## What you are asked to do
Only the lines below from the one containing "Top 20 Best" through the last line should be set down, exactly as written and with no pictures.
───── Stored data ─────
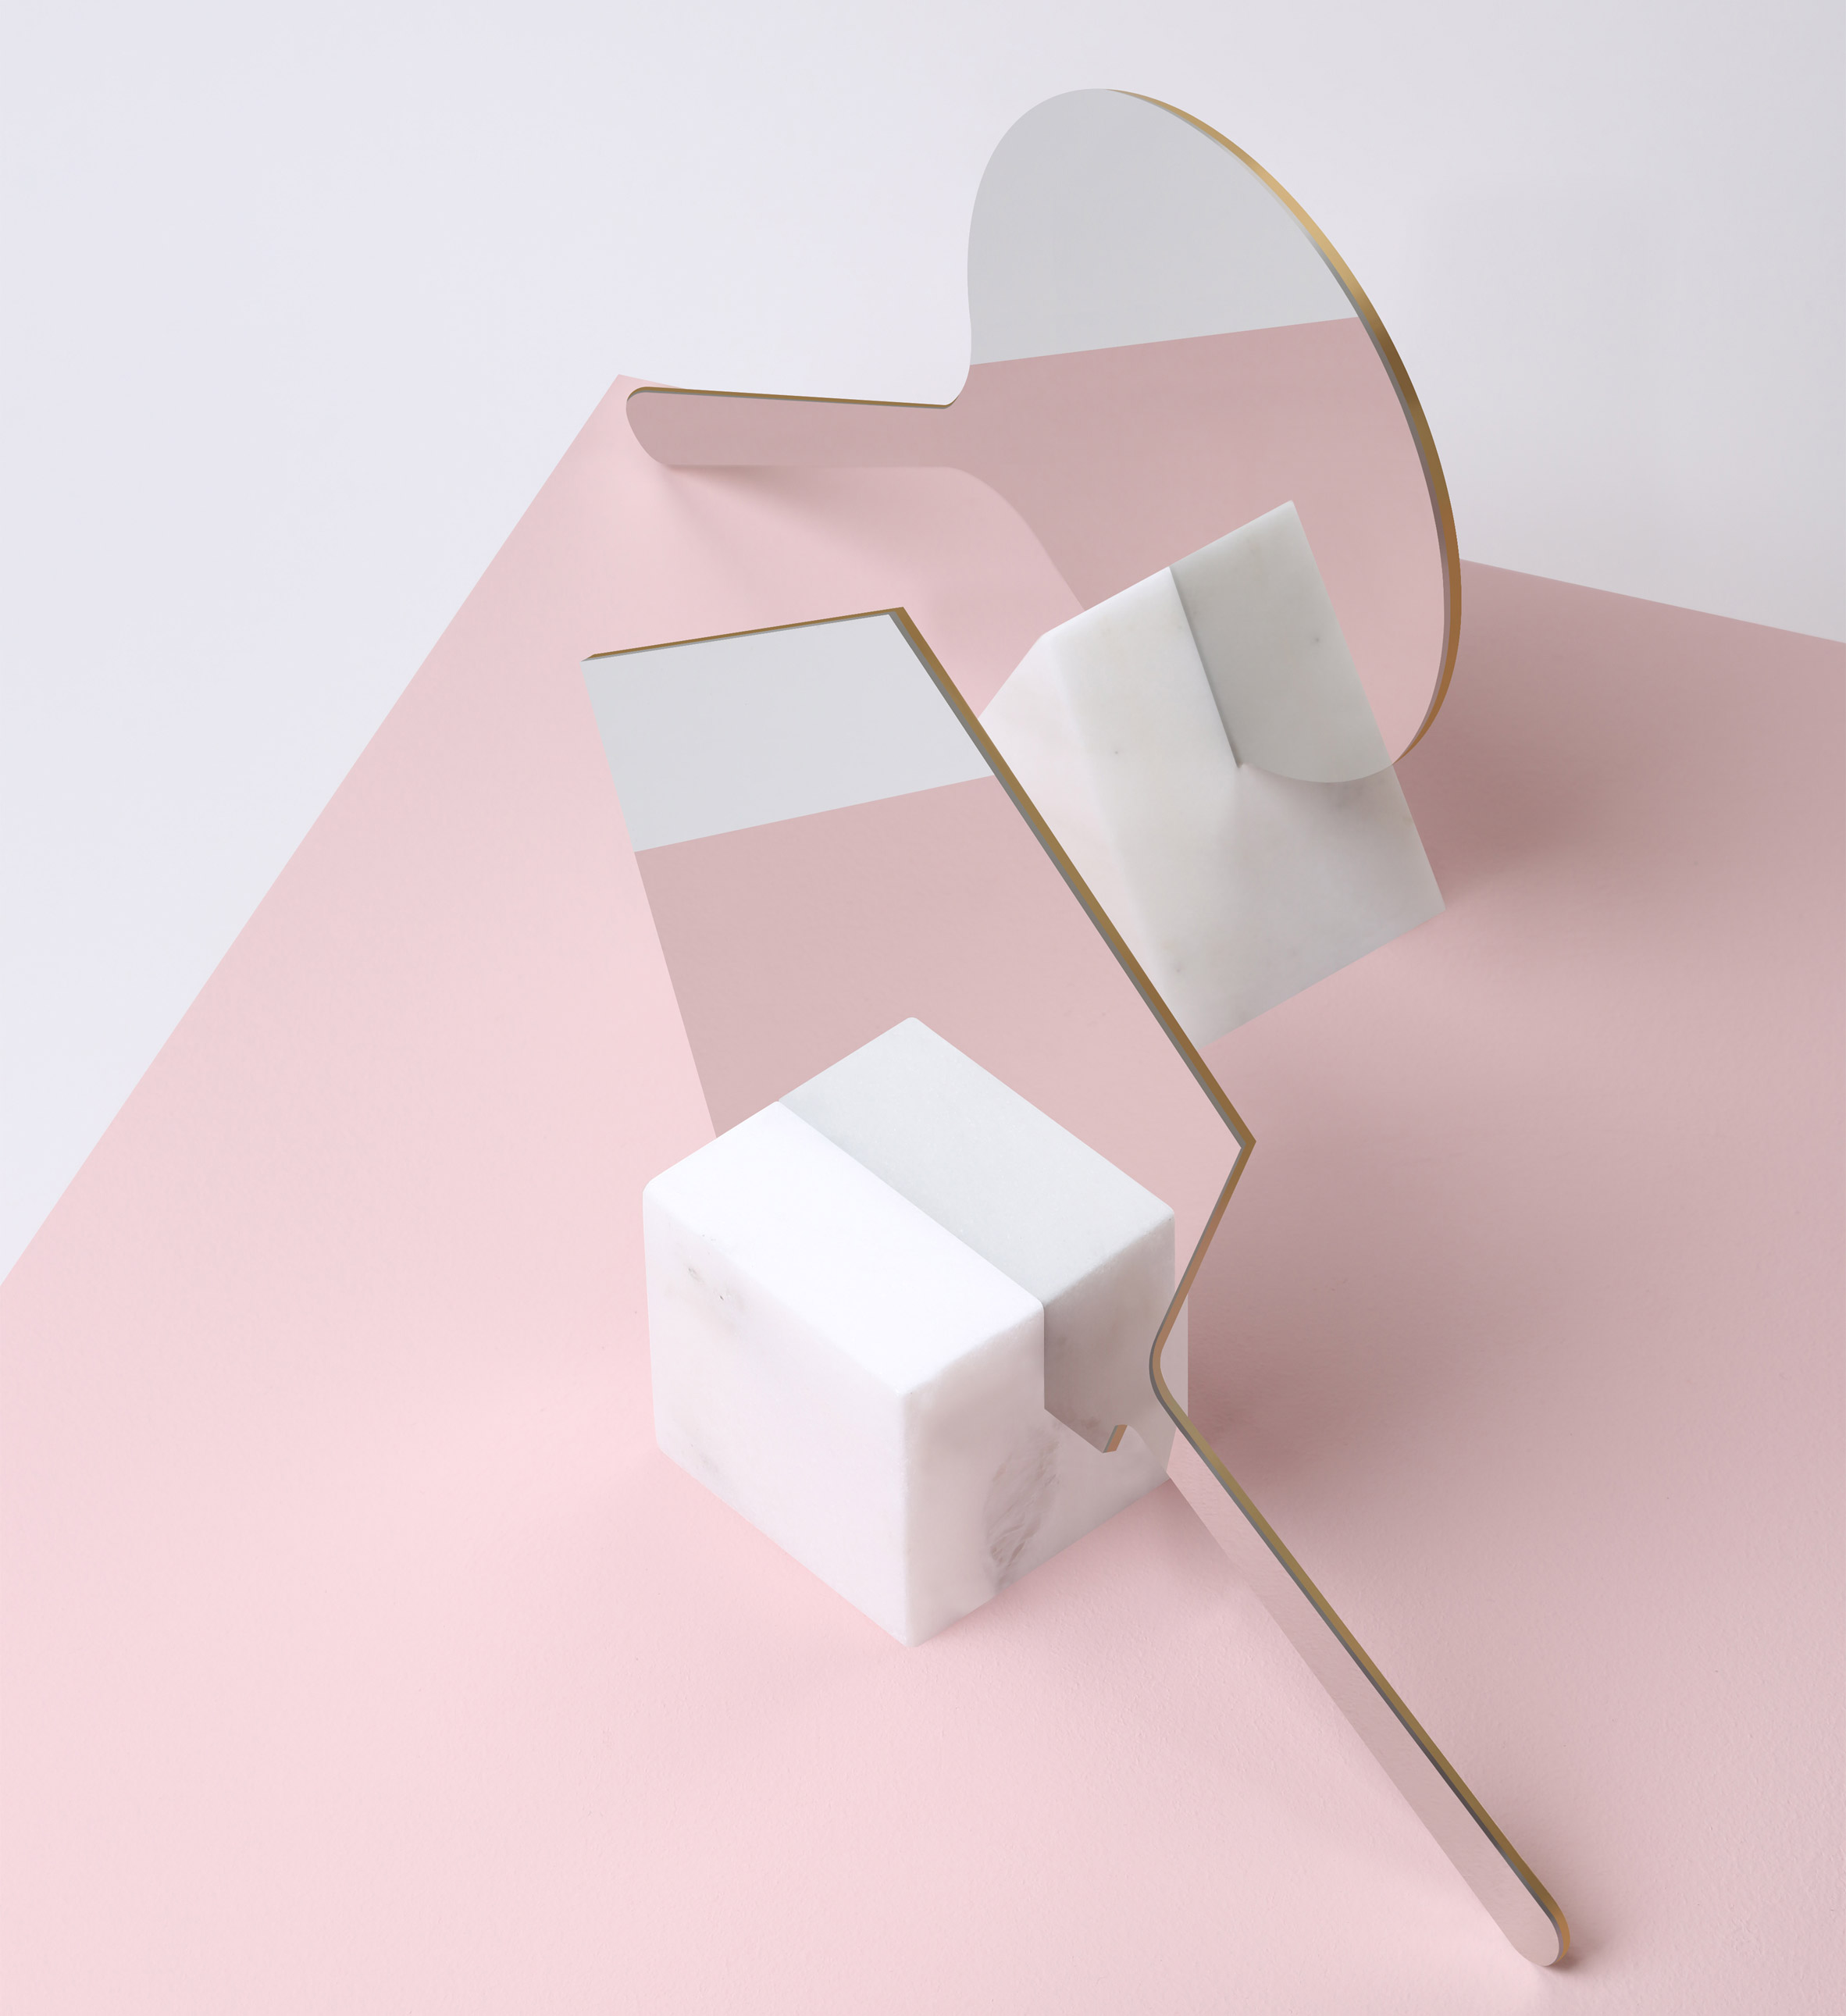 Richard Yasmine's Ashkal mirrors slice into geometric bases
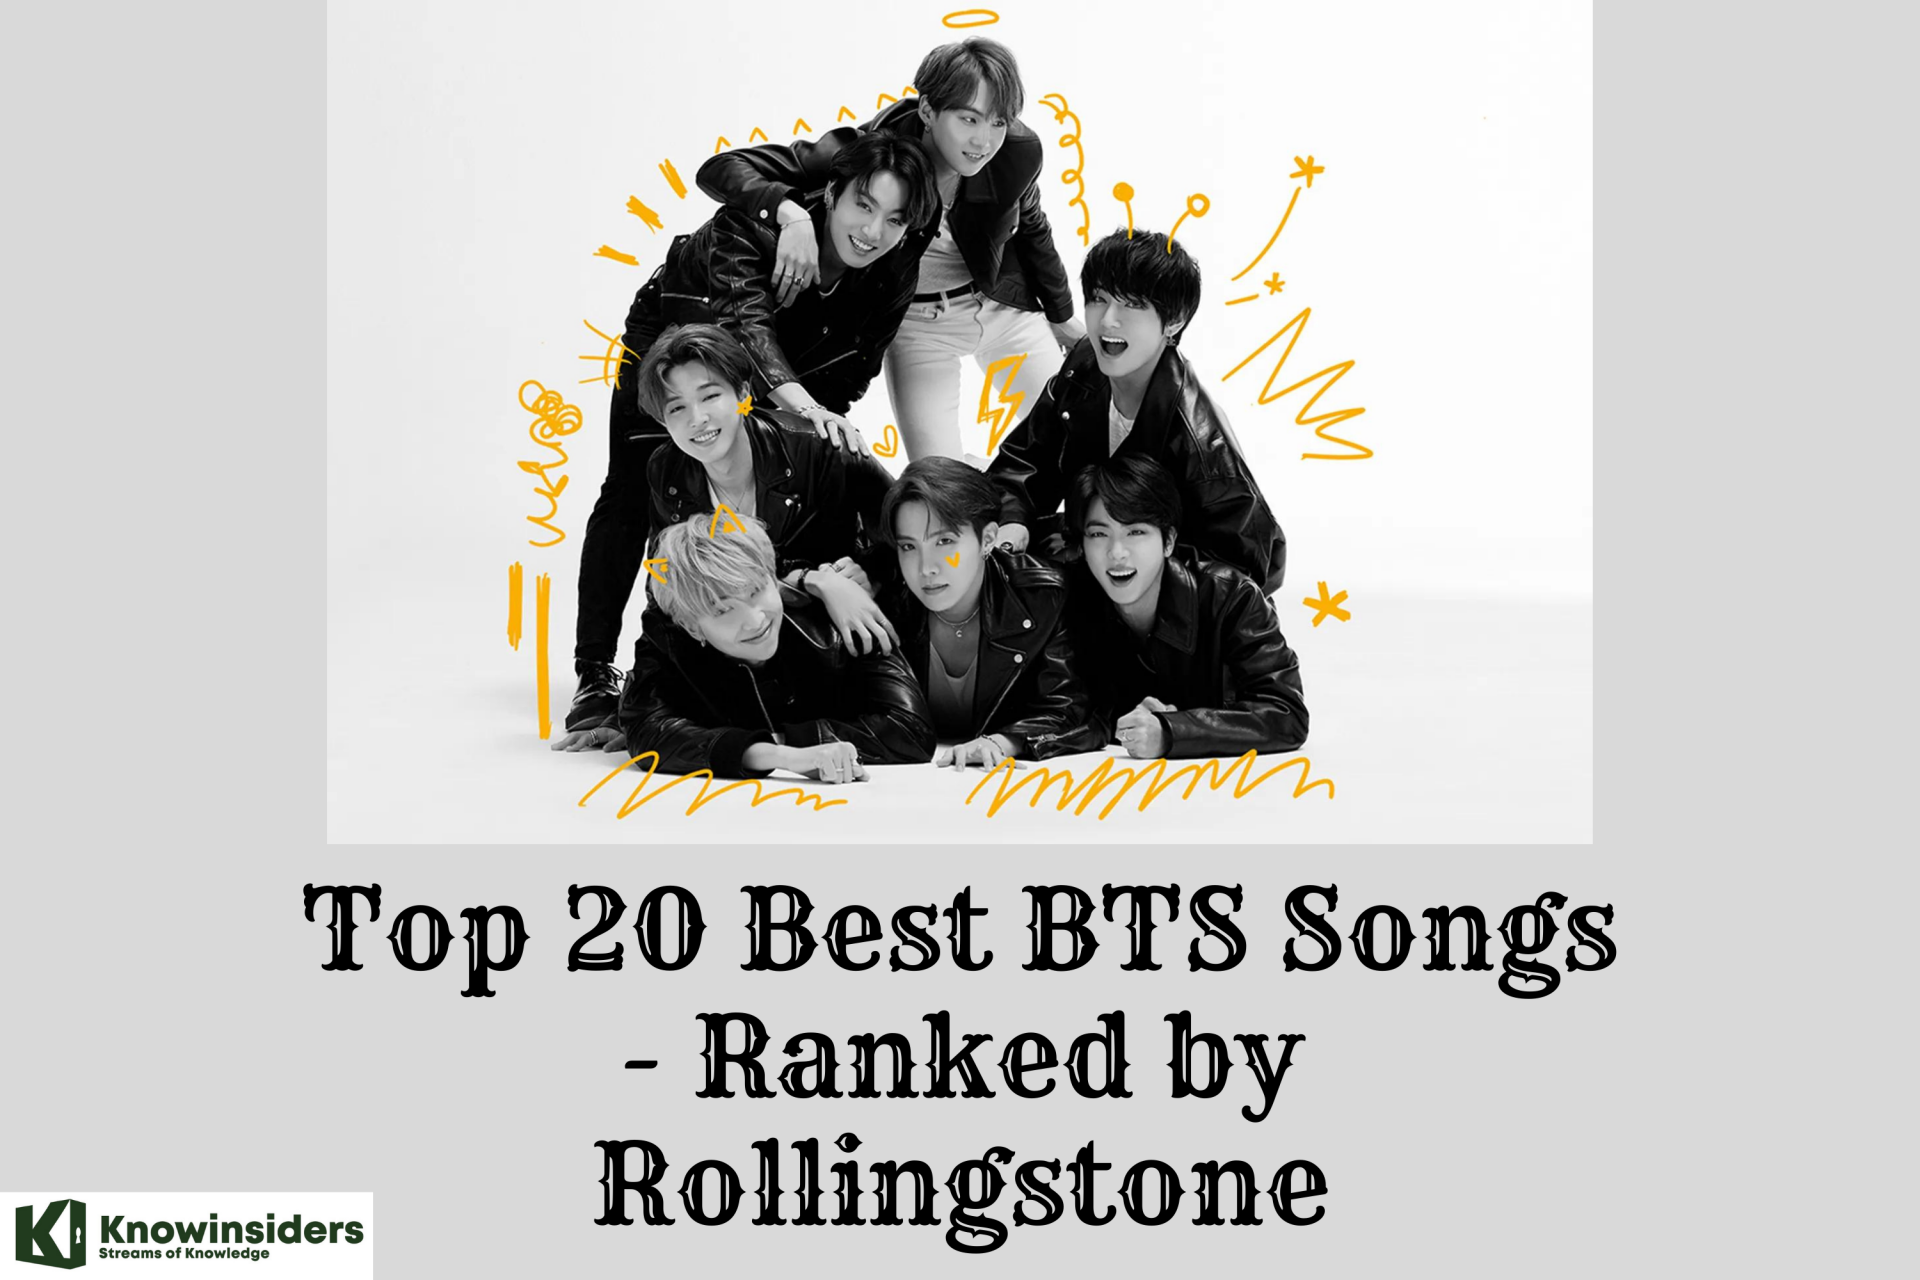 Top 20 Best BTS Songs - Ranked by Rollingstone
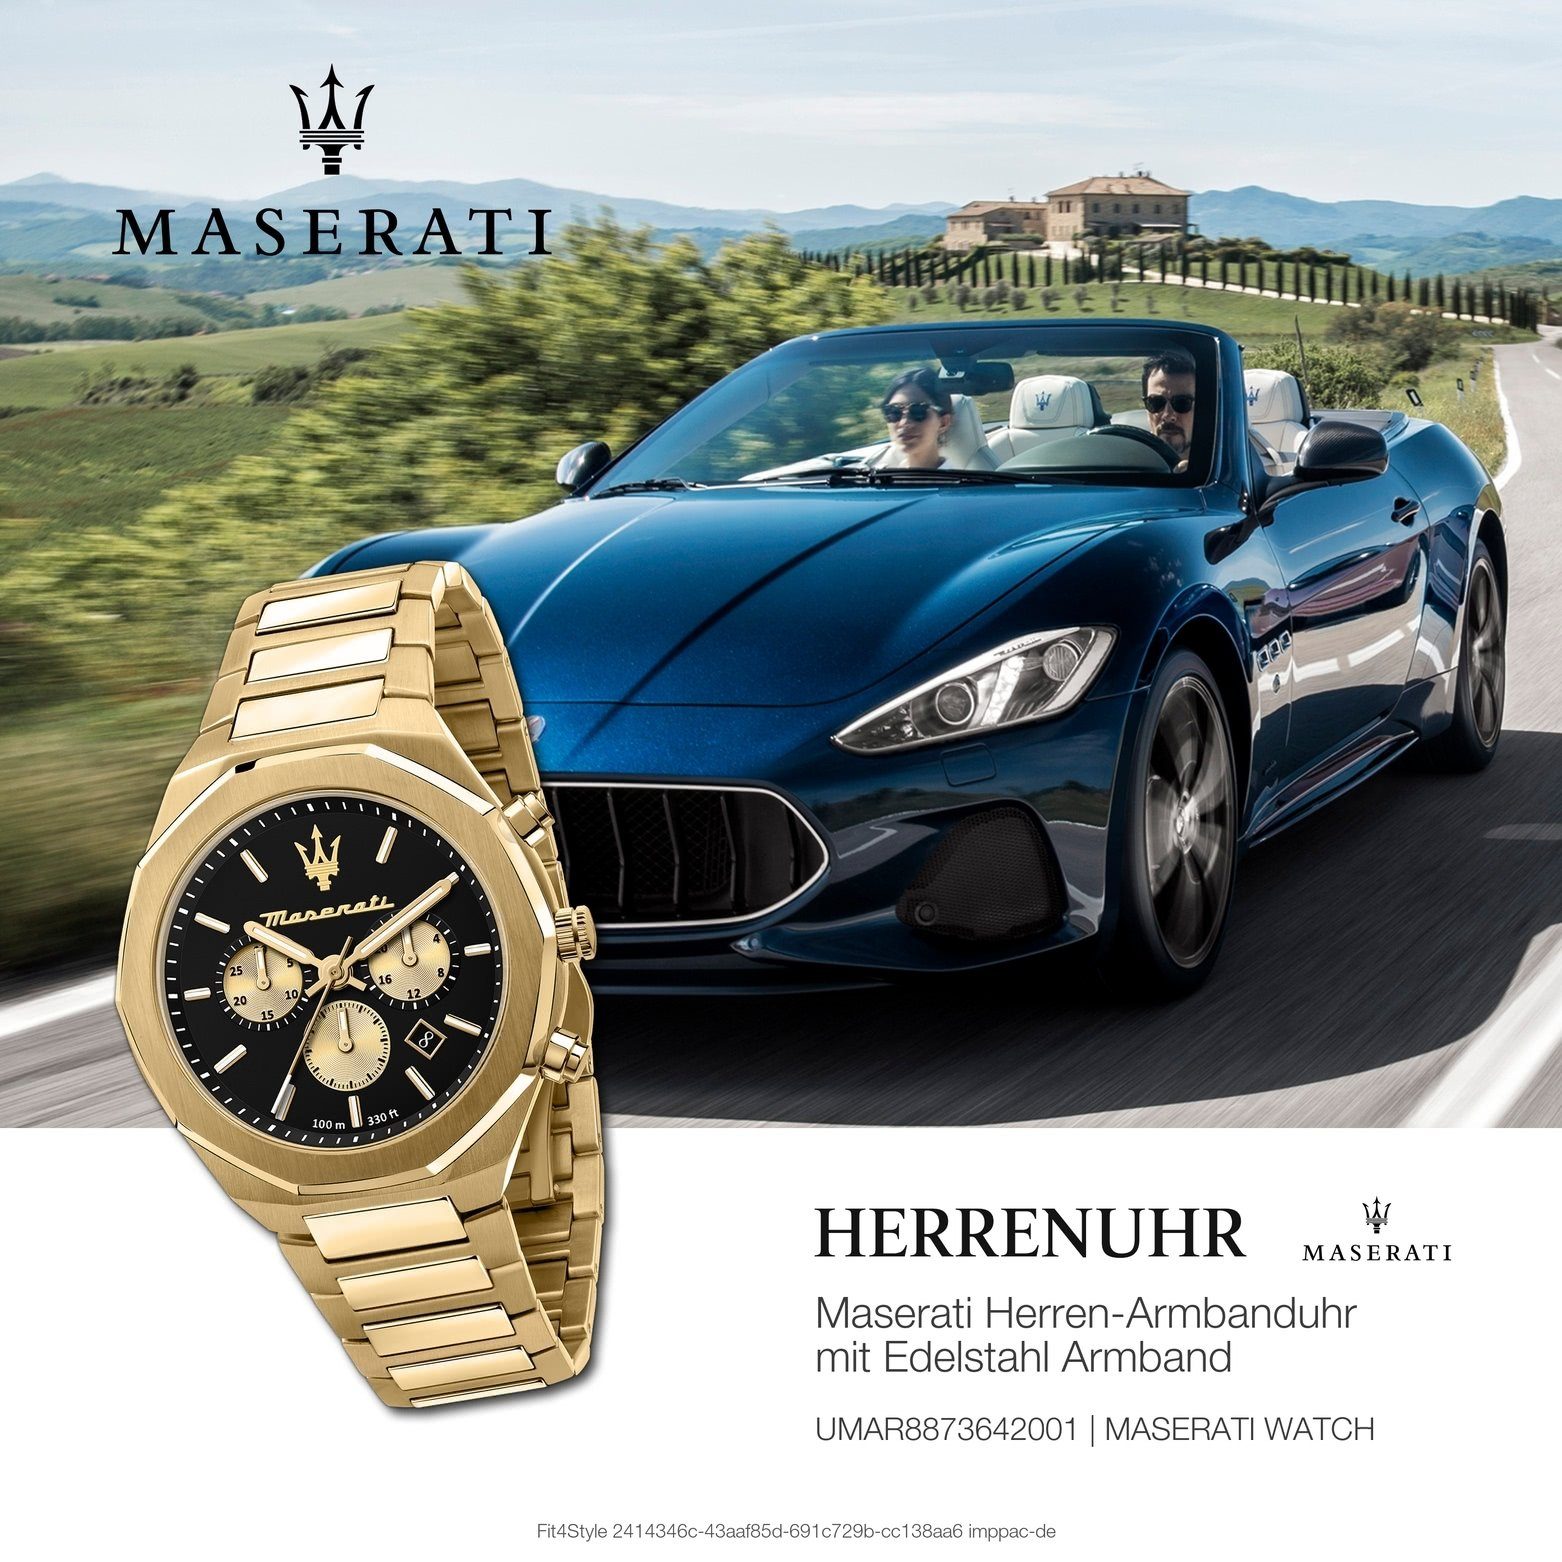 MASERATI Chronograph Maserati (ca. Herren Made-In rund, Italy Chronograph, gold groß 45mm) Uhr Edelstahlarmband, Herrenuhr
─────
## Response box
 Top 20 Best BTS Songs - Ranked by Rollingstone
 MASERATI Chronograph Maserati (ca. Herren Made-In rund, Italy Chronograph, gold groß 45mm) Uhr Edelstahlarmband, Herrenuhr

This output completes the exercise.